Ela queria dizer que o amava tanto, que queria casar com ele e levá-lo para a floresta, que lhe ensinaria a gostar dos pássaros e das flores e que pediria à Rainha das Corças para dar-lhe quatro patas ágeis e um belo pelo castanho.
Mas o príncipe tinha a chave da porta. E ela não tinha o segredo da palavra.
Todos os dias se encontravam. Agora se seguravam as mãos. E no dia em que a primeira lágrima rolou dos olhos dela, o príncipe pensou ter entendido e mandou chamar o feiticeiro.
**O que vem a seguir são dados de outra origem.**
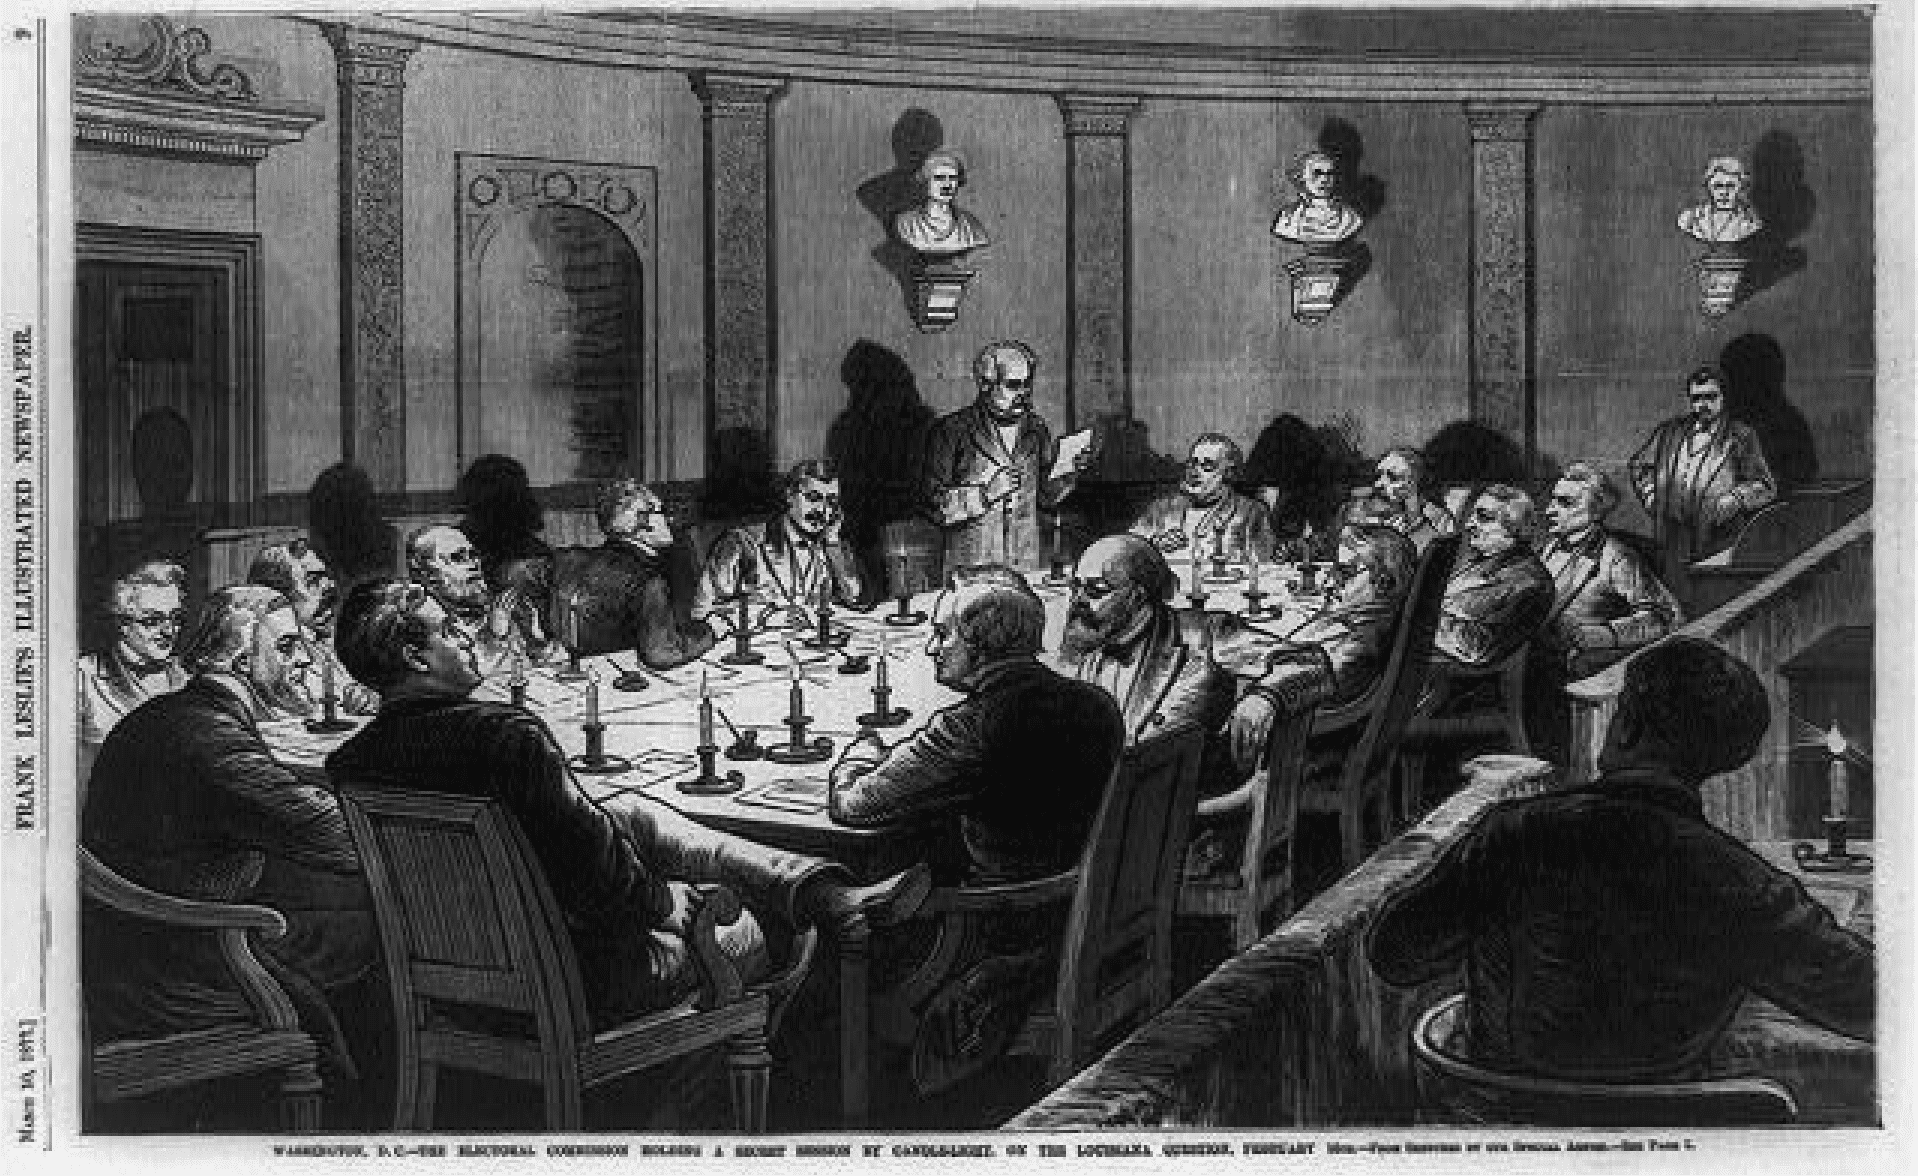 Electoral Commission holds a secret candlelight meeting, Feb. 16, 1877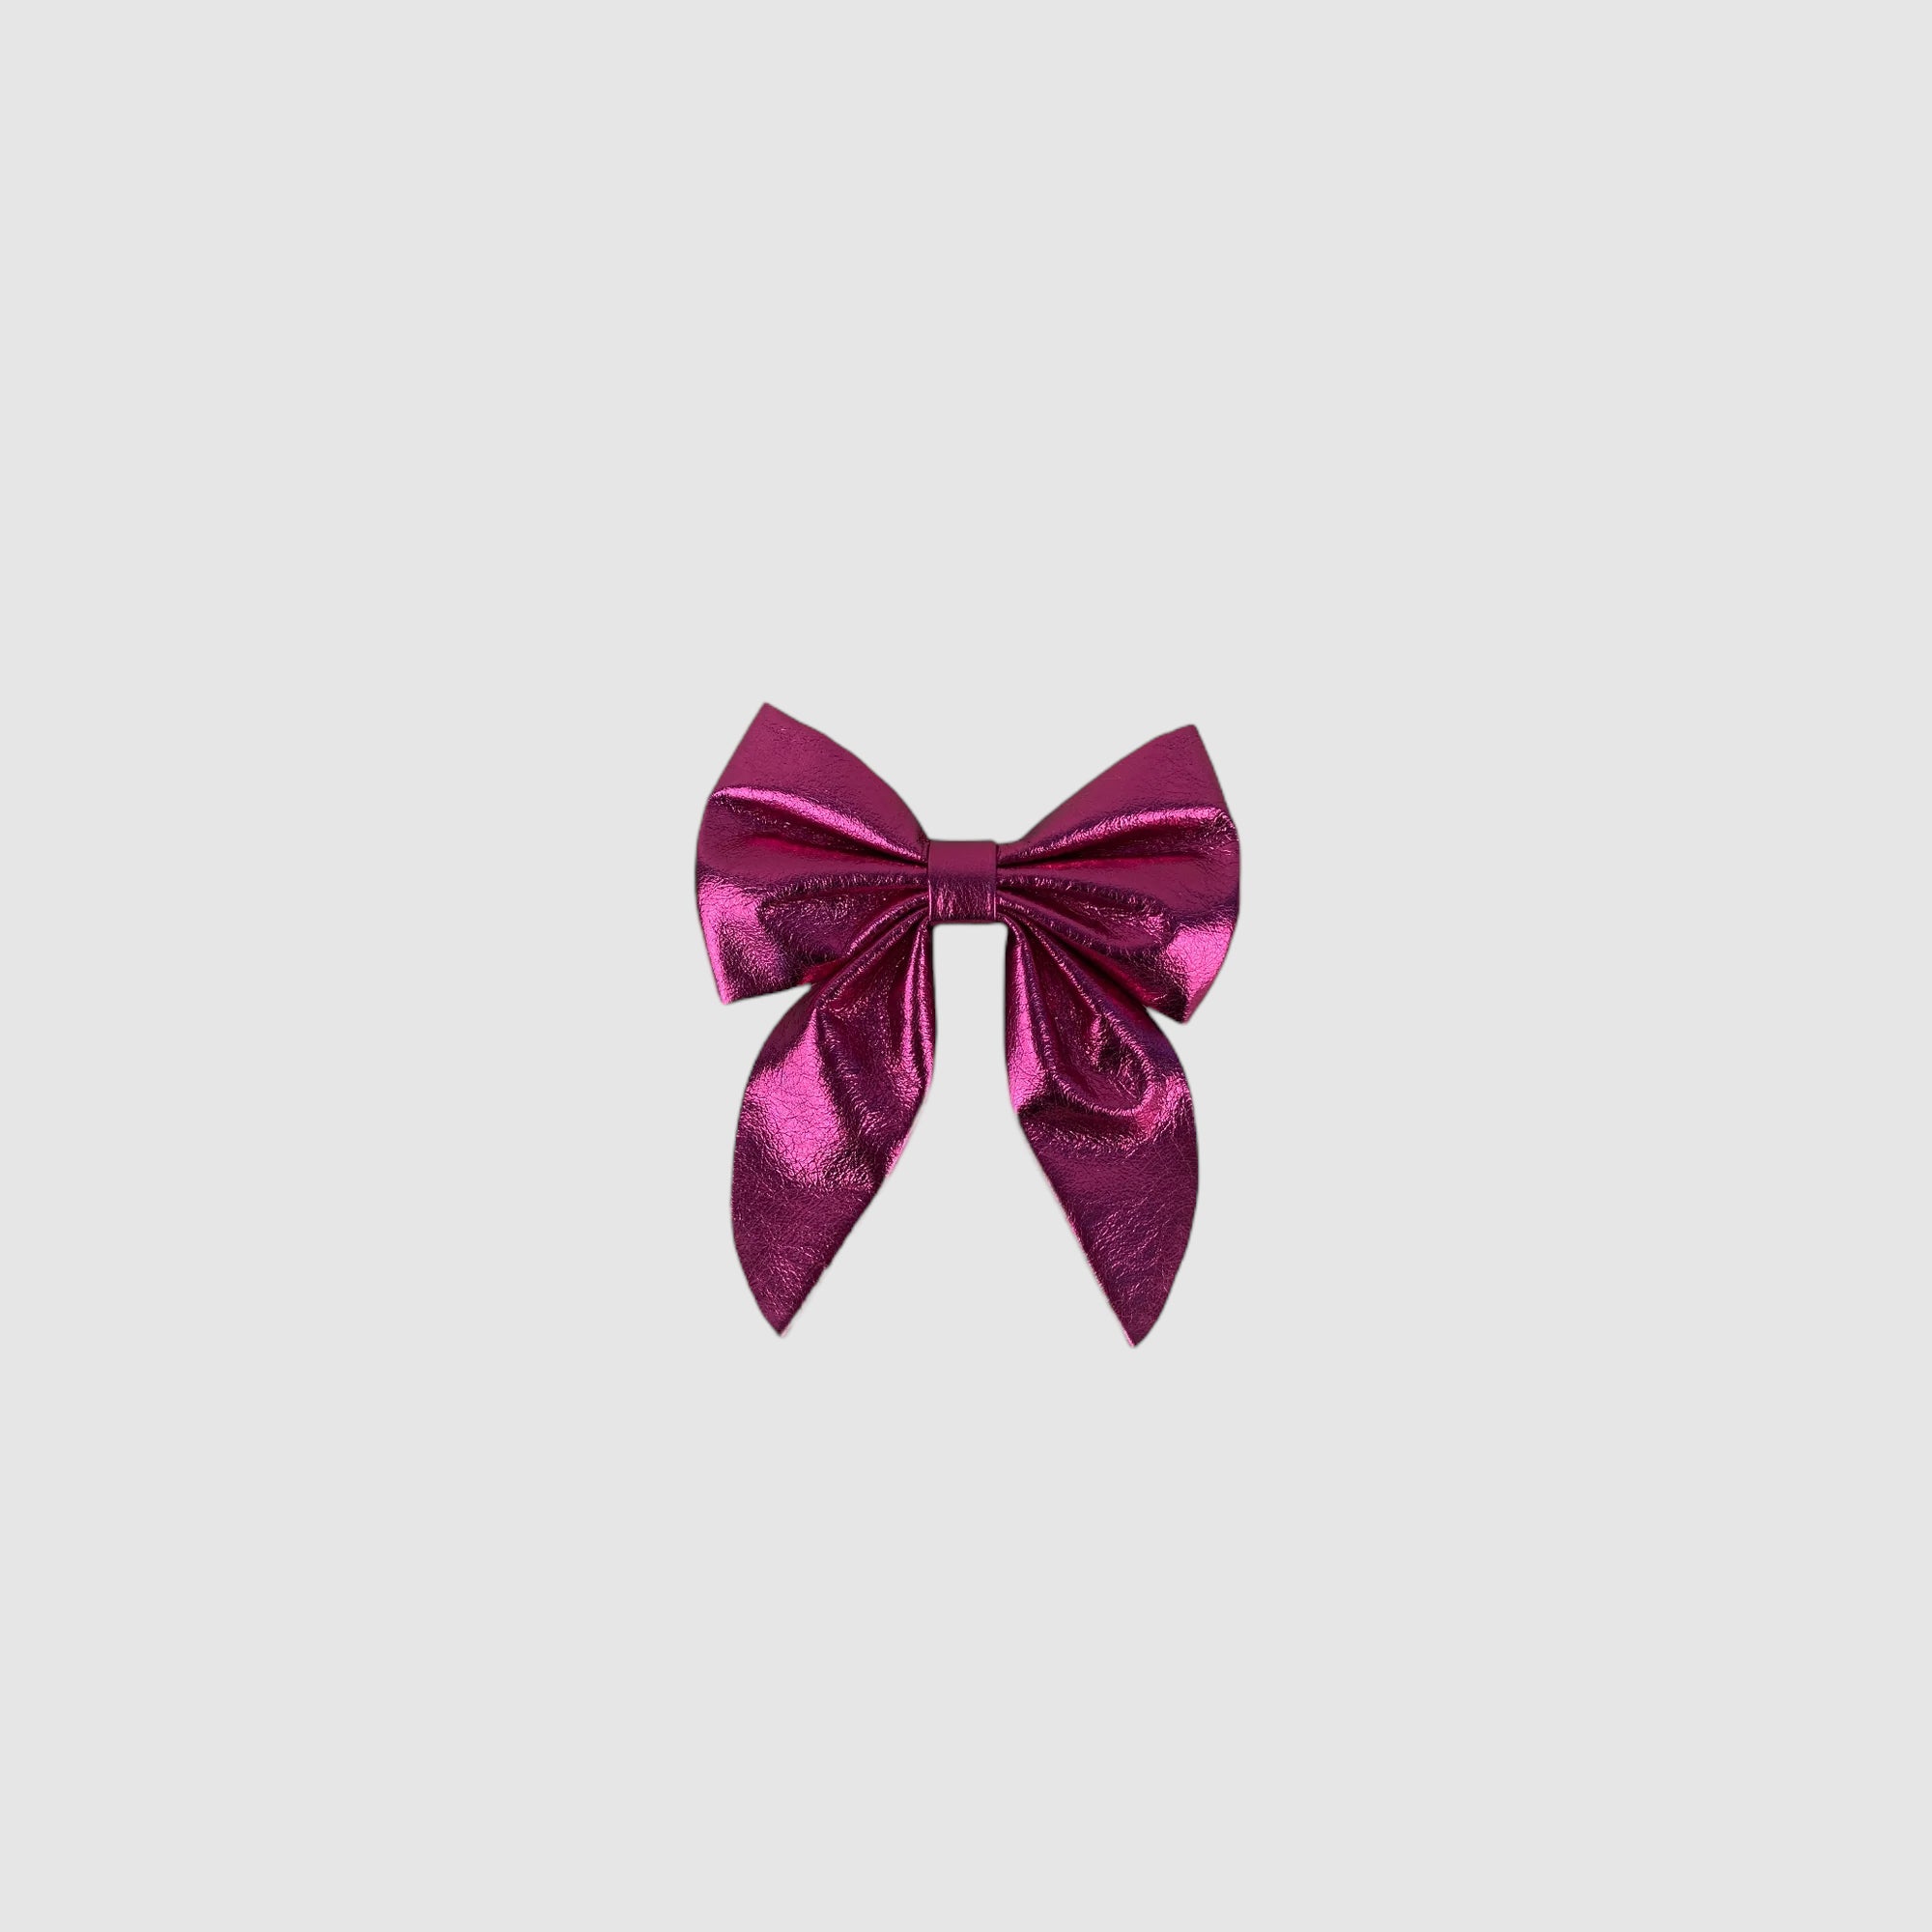 WINGED NECK BOW // WRONG PINK

Quando a corça acordou, já não era mais corça. Duas pernas só e compridas, um corpo branco. Tentou levantar, não conseguiu. O príncipe lhe deu a mão. Vieram as costureiras e a cobriram de roupas. Vieram os joalheiros e a cobriram de jóias. Vieram os mestres de dança para ensinar-lhe a andar. Só não tinha a palavra. E o desejo de ser mulher.
Sete dias ela levou para aprender sete passos. E na manhã do oitavo, quando acordou e viu a porta aberta, juntou sete passos e mais sete, atravessou o corredor, desceu a escada, cruzou o pátio e correu para a floresta à procura de sua Rainha.
O sol ainda brilhava quando a corça saiu da floresta, só corça, não mais mulher. E se pôs a pastar sob as janelas do palácio.